Although researchers do not fully understand what causes the condition, children with apraxia struggle with the motor coordination of speech and may be late-talkers. When a child suffers from apraxia, their brain has difficulty coordinating complex oral functions required to create sounds into syllables, syllables into words, and words into phrases. Developmental apraxia requires professional treatment in order for the child to communicate.
Speech, Word Finding, and Comprehension
One of the most obvious signs of aphasia is speech difficulties. During language development, children may struggle to think of the right word, use correct grammar or understand the meaning of what they heard or read. Whereas congenital aphasia in children can be present from birth, acquired aphasia is rarely diagnosed, and childhood aphasia differs significantly from adult loss of language skills. Trauma is the common cause of acquired aphasia in children.
During adulthood the fundamental problem with language loss is one of recovery or re-learning of a native language, but in childhood, reversing aphasia requires the acquisition and initial development of language. With adult aphasia, the person often struggles with pronouncing words correctly, using words inaccurately, or jumbling words together without the correct spacing of silence between sounds.

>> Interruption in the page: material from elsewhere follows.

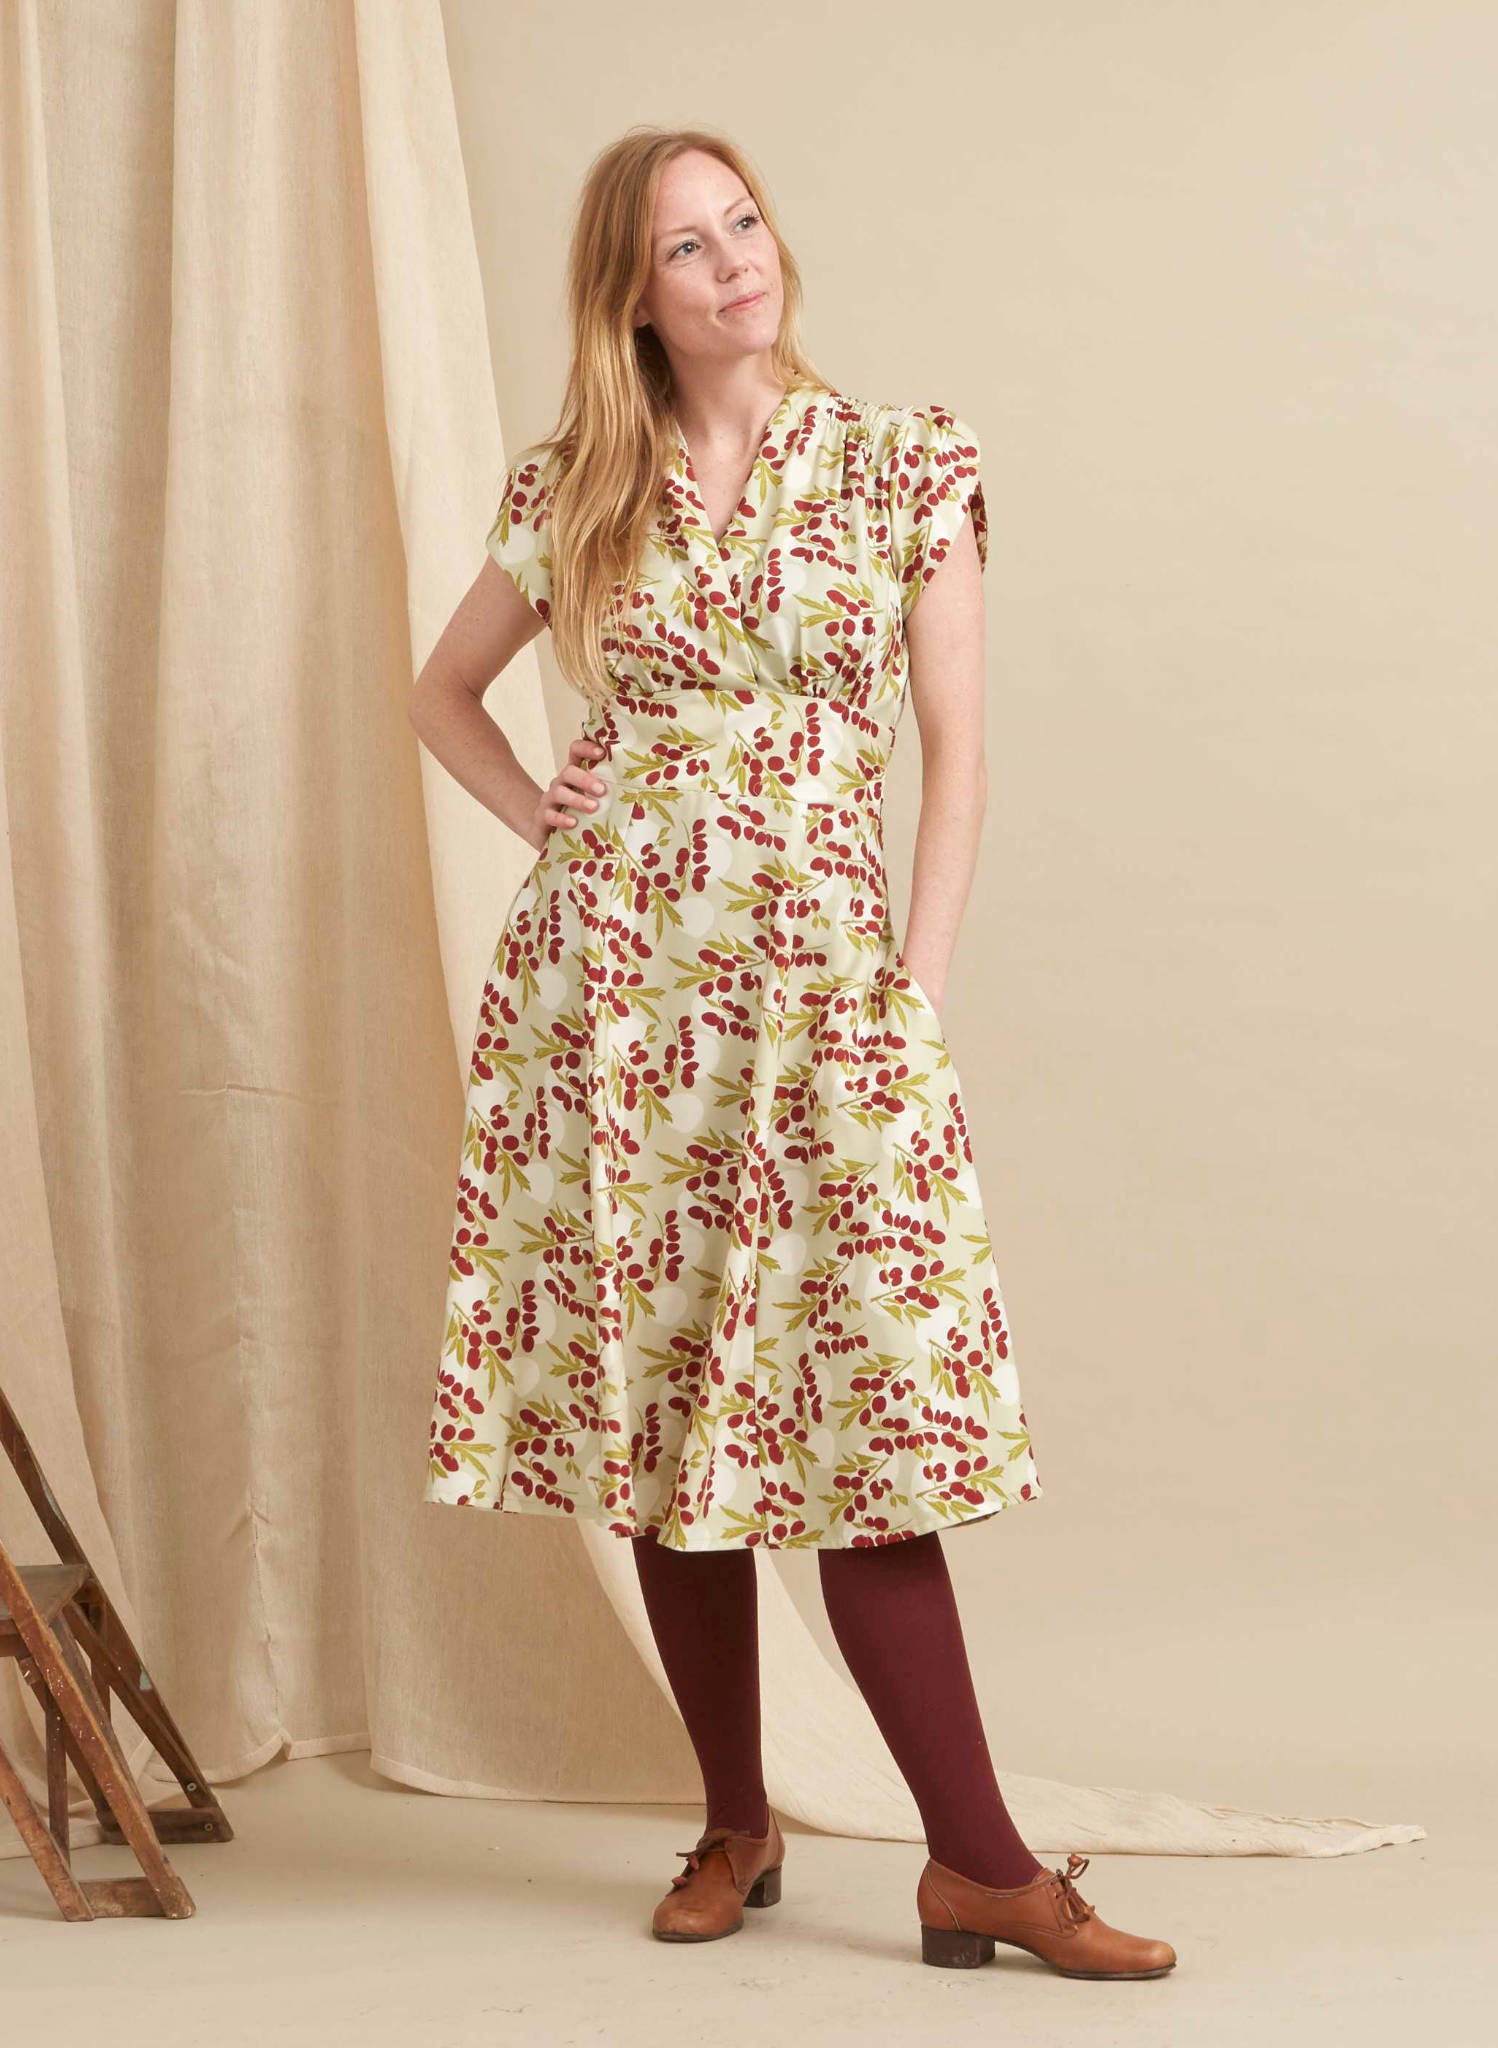 Short sleeve 1940s style mid length dress with colourful print of damson in dark red, green and white

Adult Primary Progressive Aphasia
A specific type of adult aphasia, known as Primary Progressive Aphasia (PPA), leads to the gradual loss of verbal and written communication skills in adults. PPA is caused by a shrinking of certain lobes of the brain (left side of the frontal, temporal, or parietal). People with PPA may be able to use content words like nouns and verbs but face challenges in producing speech, naming objects or comprehending conversations. The three primary variants of adult PPA include:
1) Semantic PPA – People who struggle to find the right words, understand their meaning, or name people and objects may have semantic variant primary progressive aphasia. They may gradually use more general terms for specific things, such as saying “animal” instead of “cat”. Since language skills related to colors, shapes and numbers rely on a different area of the brain, the person will likely retain those abilities.
2) Nonfluent/Agrammatic PPA – As nonfluent/agrammatic PPA progresses, individuals face increasing difficulty with speech production. They may speak slower, use shorter phrases, and experience confusion with sounds for familiar words. Deciphering complex sentences and using proper grammar also becomes a challenge. Despite the decline in language skills, number recognition and emotion understanding usually remains intact.
3) Logopenic PPA – Individuals with logopenic PPA progressively struggle with formulating and expressing the words they intend to speak. As it worsens, there is a gradual decline in speed of speech. The cause of logopenic PPA is still unknown, but it is associated with the accumulation of proteins (amyloid and tau) in brain cells, similar to Alzheimer's disease. There is no cure but medications can help manage its symptoms.
With PPA often striking individuals under 65 years old and an estimated one in 100,000 people affected, a timely diagnosis is crucial. Around 40% of cases are linked to an unusual form of Alzheimer's disease that affects language skills rather than memory,. The remaining 60% are caused by frontotemporal lobar degeneration and responsible for half of all dementias in individuals under 65. It is worth noting that PPA presents differently depending on the underlying disease.
_________________
At ProLingo, we encourage everyone to monitor and protect their language skills. When it comes to the diagnosis of all types of aphasia, a brain MRI is invaluable. It can detect shrinking in specific brain areas and reveal conditions like strokes, tumors, or other brain disorders that affect speech and language. Medications, speech therapy, and adopting healthy lifestyle habits can help enhance brain health and overall well-being.